Supplied data
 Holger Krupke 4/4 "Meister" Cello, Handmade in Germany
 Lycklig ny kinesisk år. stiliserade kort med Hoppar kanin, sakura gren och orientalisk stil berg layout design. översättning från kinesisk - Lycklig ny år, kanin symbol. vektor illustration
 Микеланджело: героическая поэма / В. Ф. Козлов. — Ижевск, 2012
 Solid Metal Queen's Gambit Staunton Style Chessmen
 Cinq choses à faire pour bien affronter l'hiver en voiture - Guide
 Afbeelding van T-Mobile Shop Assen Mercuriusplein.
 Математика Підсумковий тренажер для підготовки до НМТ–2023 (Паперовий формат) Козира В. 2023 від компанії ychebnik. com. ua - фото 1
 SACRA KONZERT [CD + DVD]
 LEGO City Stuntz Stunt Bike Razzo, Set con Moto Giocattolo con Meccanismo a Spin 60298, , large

Work request
In the material above, transcribe exactly the lines beginning at the one with "Solid Metal Queen's" and ending at the one with "Afbeelding van T-Mobile", both included.

Response
 Solid Metal Queen's Gambit Staunton Style Chessmen
 Cinq choses à faire pour bien affronter l'hiver en voiture - Guide
 Afbeelding van T-Mobile Shop Assen Mercuriusplein.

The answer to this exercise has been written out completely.